Mr. Clegg. Well, listen, in my testimony, I and my whole
organization's whole focus is on the principle of ``E pluribus
unum.'' I take that very seriously, Mr. Chairman. But what I am
saying is that there are going to be some circumstances where I
think it would be very unwise for Congress to say that law
enforcement agencies cannot give some limited consideration to
an individual's or an organization's geopolitical and religious
background.
Chairman Durbin. I would like to defer now to Senator
Graham, who has patiently waited for his opportunity.
Senator Graham. Thank you all. Well, I guess what we are
trying to highlight is how complicated this issue is.

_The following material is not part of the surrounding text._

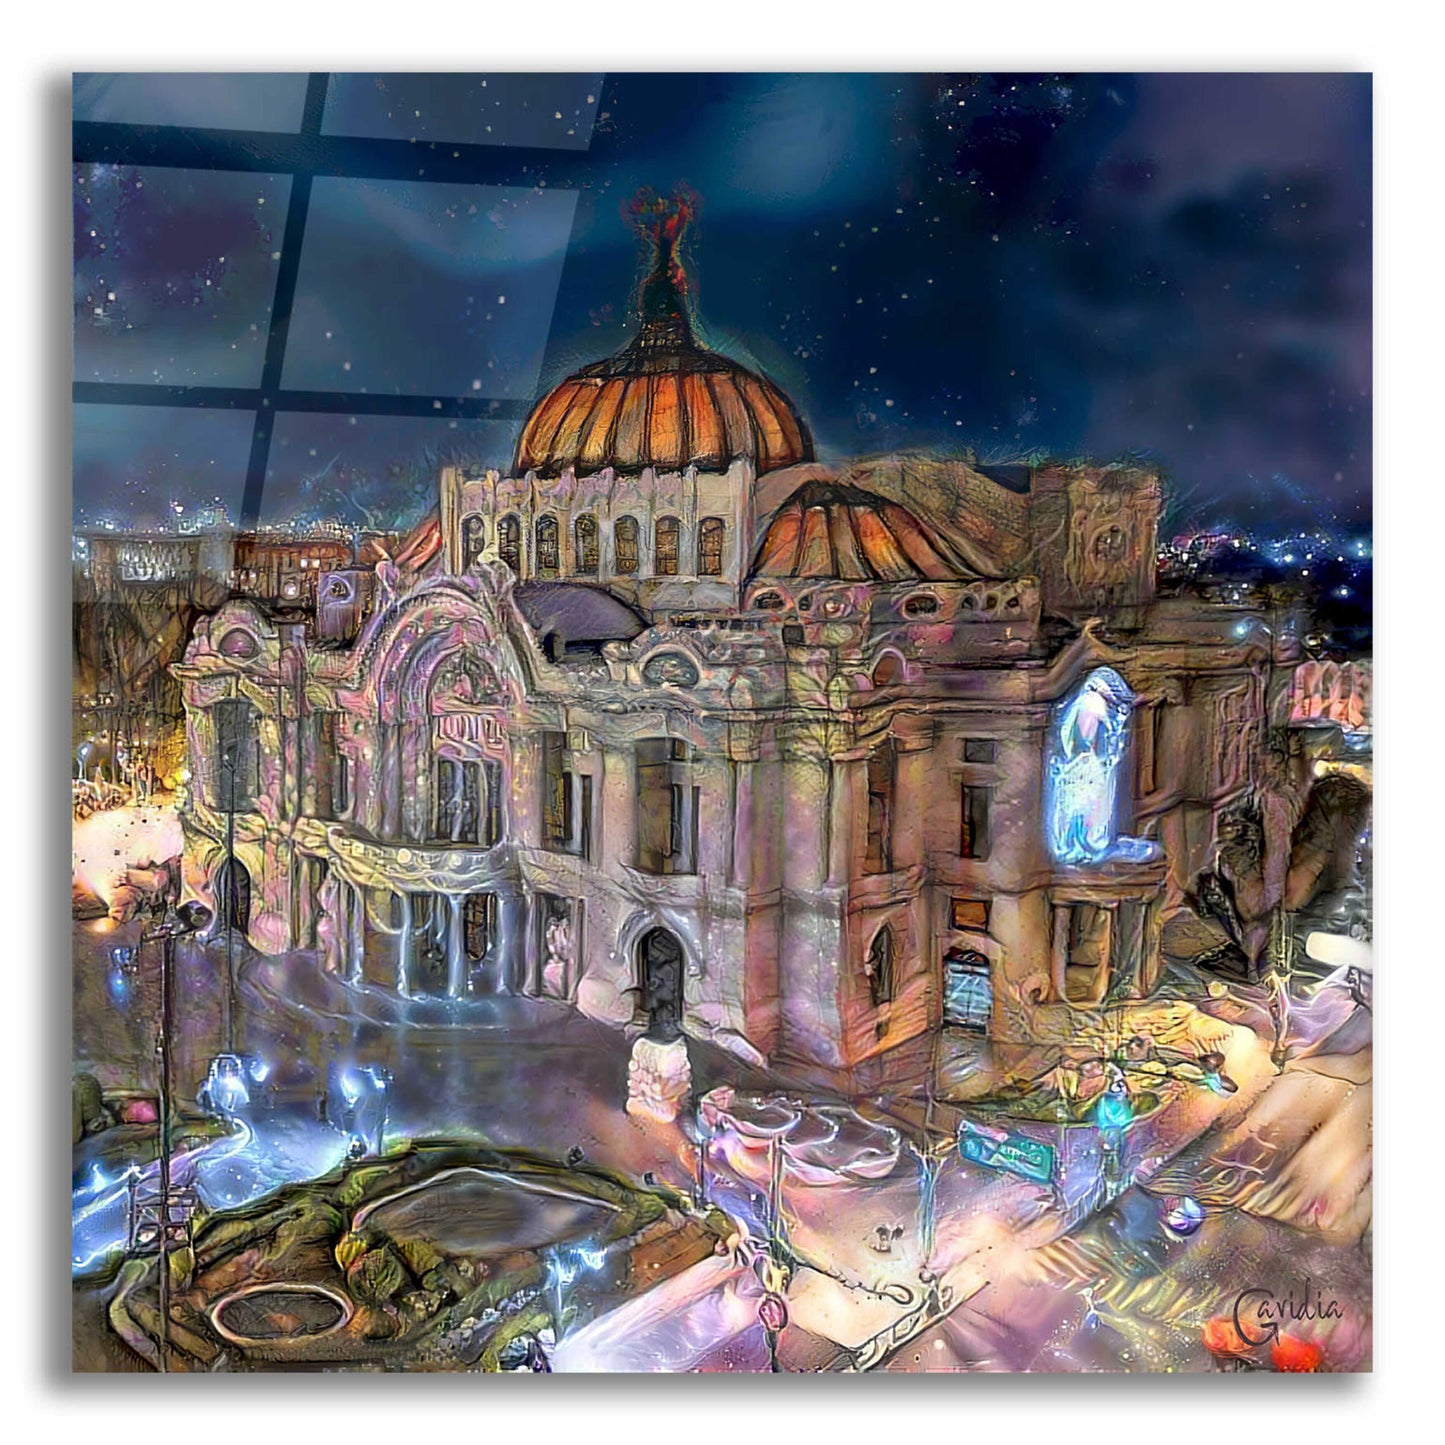 Epic Art 'Mexico City Palace of Fine Arts at night' by Pedro Gavidia, Acrylic Glass Wall Art
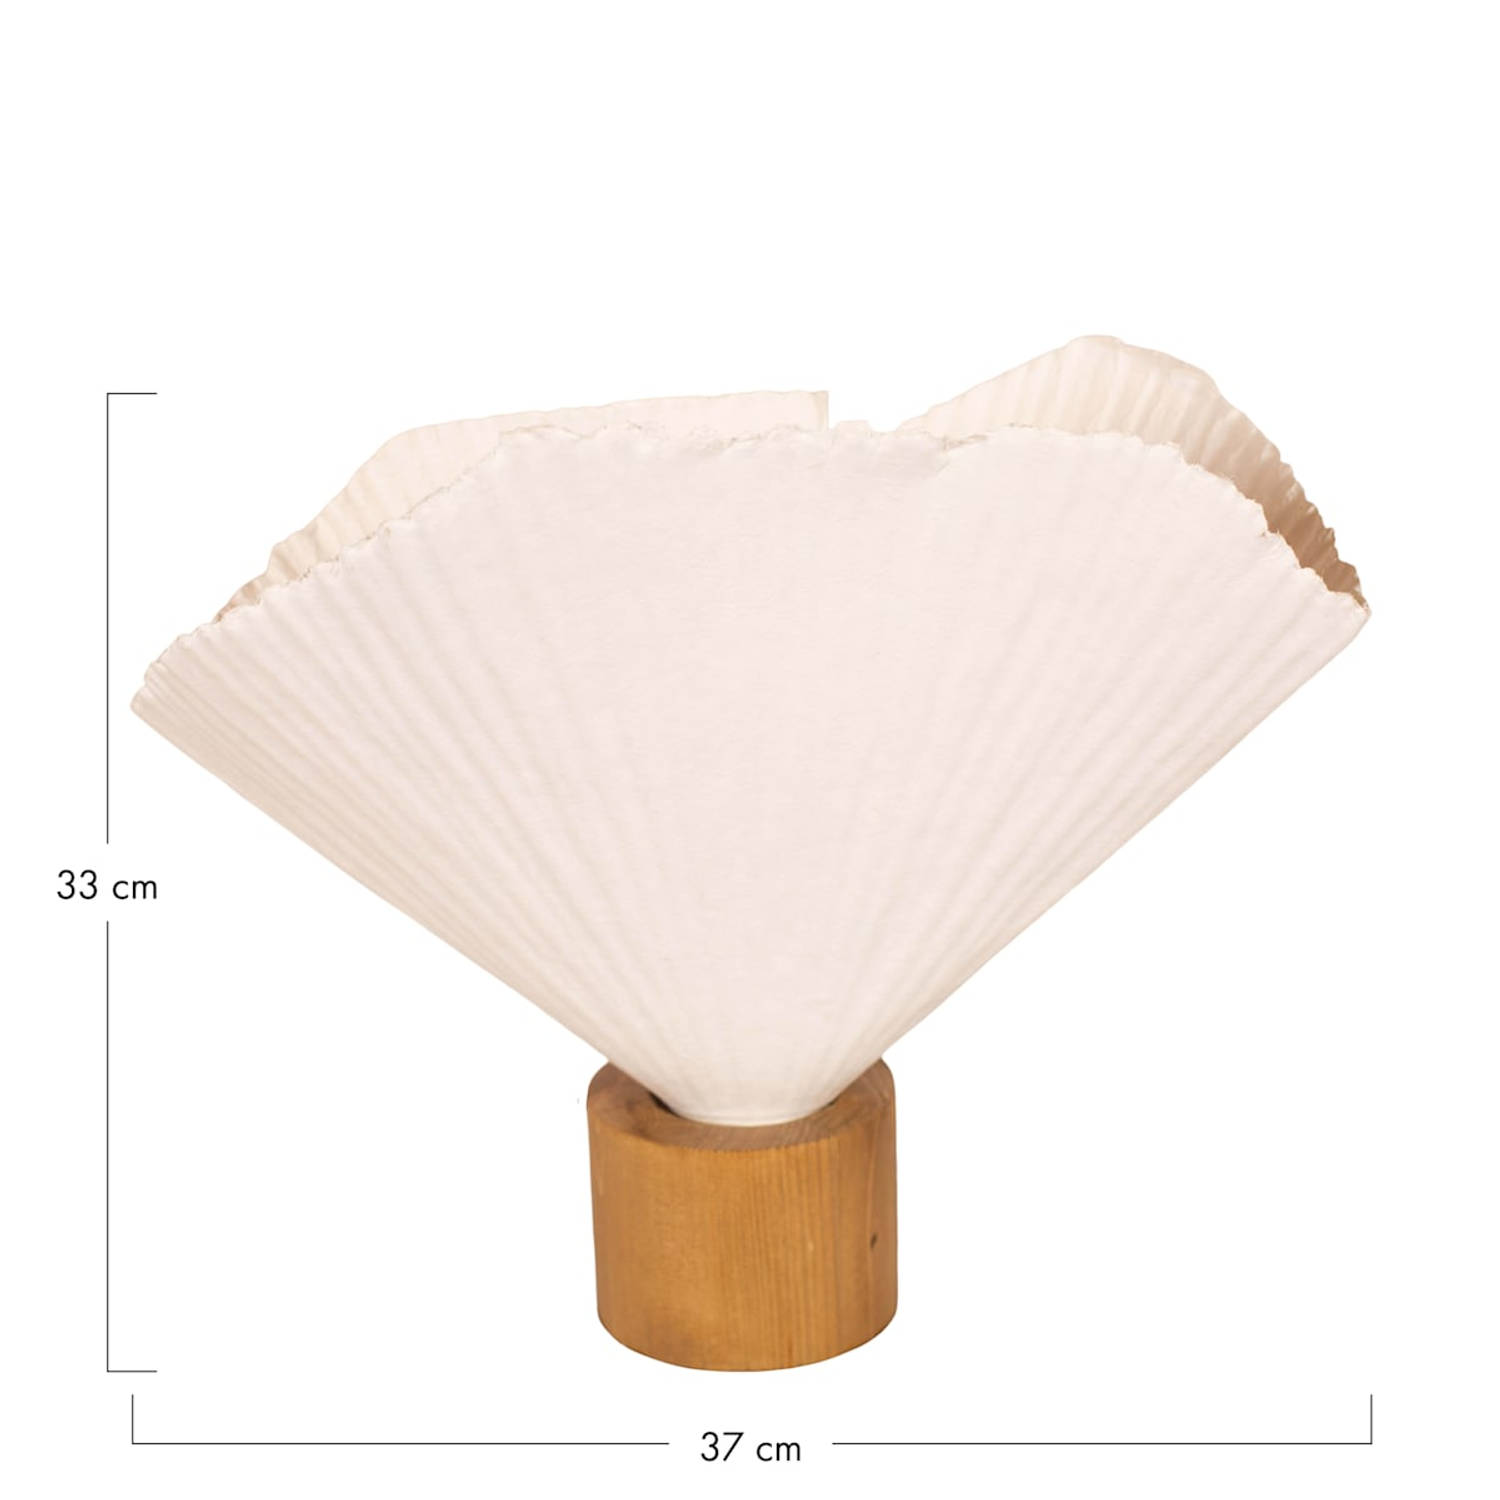 DKNC - Tafellamp Carter - Papier mache - 37x17x33cm - Wit

Mr. Gale, do you think you have ever been racially
profiled?
Mr. Gale. Probably.
Senator Graham. I cannot say I understand, because I do
not. I have never been in that situation. But the fact that you
are a law enforcement officer and you probably some time in
your life have been viewed with suspicion by police makes your
testimony pretty persuasive to me in the sense that you are now
sitting in the role of a law enforcement official trying to
protect a community. And the Zimmerman case is a private
individual, not a law enforcement organization. And I just
really--I think I understand the problem. I just do not know
where the line between good law enforcement and racial
profiling ends and begins, because let me tell you one thing
about Congress. We will be the first one to jump on you when
you are wrong. When you get a phone call that somebody looks
suspicious in a neighborhood and you ask a bunch of questions,
well, that does not seem to justify us going in, and that
persons winds up killing somebody or robbing or raping
somebody, we will be the first ones to blame you. So you are in
an untenable situation.
And when it comes to the war on terror, Mr. Clegg, I could
not agree with you more. The reality of the fact is that I wish
we had done more with Major Hasan and not less. There are some
websites out there that I am glad we are monitoring. There are
some groups within America that are saying some pretty radical
things, and I hope we follow the leaders of these groups to
find out what they are up to, because homegrown terrorism is on
the rise. How do you fight it without fighting a religion? How
do you fight homegrown terrorism without fighting people who
are very loyal to America who belong to a particular faith? I
do not know, but I know this: that if the law enforcement
community in this country fails to find out about the Major
Hasans, we are the first one to be on your case. Why didn't you
follow this website? He said these things in these meetings,
and why didn't the supervisor tell the wing commander you have
got somebody who is really out of sorts here? And as a Air
Force officer, when do you go to your wing commander and say
this person said something that makes me feel uncomfortable and
you do so at your own peril?
So I just do not know what the answer is. I know what the
problem is. And I think in the last decade we have made some
progress, Chief Davis, and maybe having legislation that makes
us focus on this problem more might make some sense, quite
frankly. Maybe we would look at redefining it, but just
collecting information to show exactly what happens day in and
day out in America so we can act logically on it.
I know you want to say something, Mr. Clegg, but when it
comes to fighting the war on terror, the fact of the matter is
that Great Britain and France are going through this very
similar situation right now where they have groups within the
country that are espousing some pretty radical ideas, and they
just expelled someone, I think, from Great Britain just today
or yesterday, an imam who was saying some pretty radical
things.
So I do not know when national security starts and
individual liberties begin. What is your thought?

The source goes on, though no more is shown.